Dr. Navsaria will discuss the critical importance of the first thousand days of life and the key role human relationships and interactions play in that time period. The concepts of toxic stress and how early adversity leads to lifelong issues will be reviewed, with practical examples and discussion of research which highlights these areas. Broad policy and programmatic principles that may help address the issue will also be discussed, providing a practical framework for those who work with children and families.
About the Speaker
Dipesh Navsaria, MPH, MSLIS, MD is a pediatrician working in the public interest. He blends the roles of physician, occasional children's librarian, educator, public health professional and child health advocate. With graduate degrees in public health, children’s librarianship, physician assistant studies, and medicine, he brings a unique combination of interests and experience together.
An associate professor of pediatrics at the University of Wisconsin School of Medicine and Public Health, he has practiced primary care pediatrics in a variety of settings with special interest in underserved populations.
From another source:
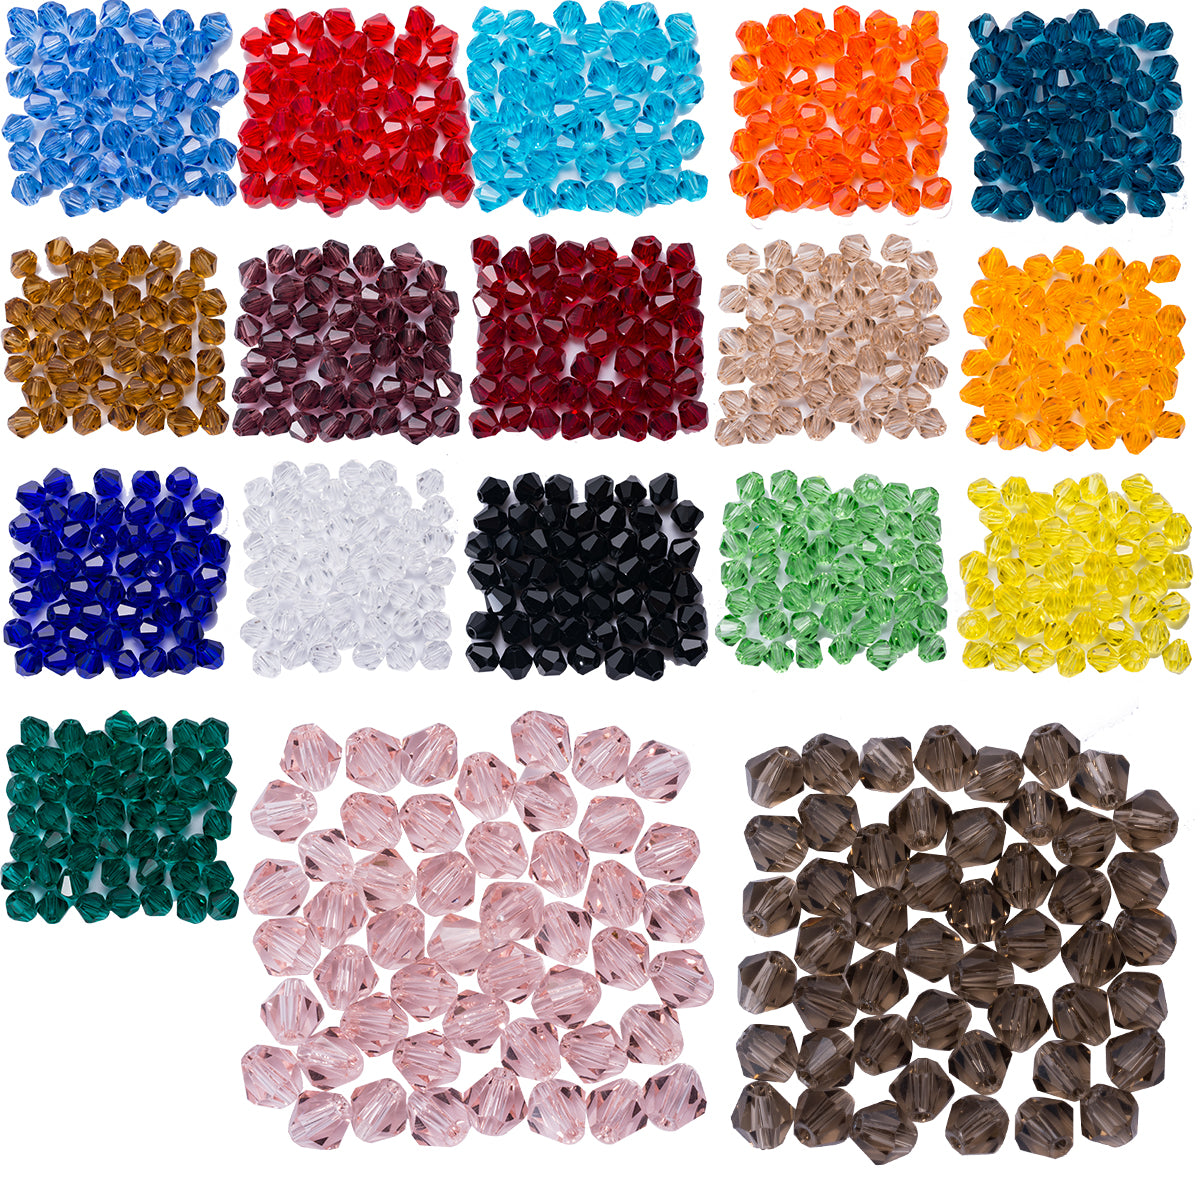 6mm Bicone Shaped Crystal Faceted Beads (900 pcs)

With a graduate degree in children’s librarianship, he has the right skill set to be the founding medical director of Reach Out and Read Wisconsin and the founder and director of the Pediatric Early Literacy Projects at the University of Wisconsin. With respect to education, Dr Navsaria is heavily involved in advocacy training for and is frequently involved in medical student and physician assistant education from the clinical arena through myriad small group and lecture formats. He serves as the medical director of the University of Wisconsin–Madison’s physician assistant program, and is also the director of the MD–MPH program.
Dr Navsaria works with the American Academy of Pediatrics on a state level, serving as the current vice-president of the Wisconsin Chapter. He also has served nationally on a number of committees, including being the founding co-chair of the Early Literacy Subcommittee of the Council on Early Childhood. He regularly writes op-eds on health-related topics, does radio and television interviews, and frequently speaks locally, regionally and nationally on early brain and child development, early literacy, and advocacy to a broad variety of audiences. He also has a modest professional presence on social media.
Born in London, England and raised in New York City, Dr Navsaria attended the Bronx High School of Science. His undergraduate education was at Boston University, majoring in Biology and English Literature. He completed a Master’s in Public Health at Boston University and Physician Assistant training at The George Washington University in the District of Columbia. He practiced as a pediatric physician assistant in East Central Illinois before attending medical school at the University of Illinois in Urbana. During his time there, he also completed a master’s degree in library and information science at the University of Illinois, focusing on children’s librarianship. He then completed his residency in pediatrics at the University of Wisconsin Hospitals and Clinics.
Dr Navsaria also does some work in the common-sense, intelligent application of technology to practical projects and situations. As a devoted user of Apple hardware for over twenty years, Dr Navsaria also cares deeply about visual presentation and typography — information should be clear and beautiful in how it is passed on.
Committed to understanding how basic science can translate into busy primary-care settings via population health concepts and policy initiatives, Dr Navsaria aims to educate the next generation of those who work with children and families in realizing how their professional roles include being involved in larger concepts of social policy and how they may affect the cognitive and socioemotional development of children for their future benefit.
He lives in Madison, Wisconsin with his family. He has a lovely, supportive wife and two children.They not only put up with his sense of humor, they encourage it! Well, at least his wife does — his teenage children now just roll their eyes.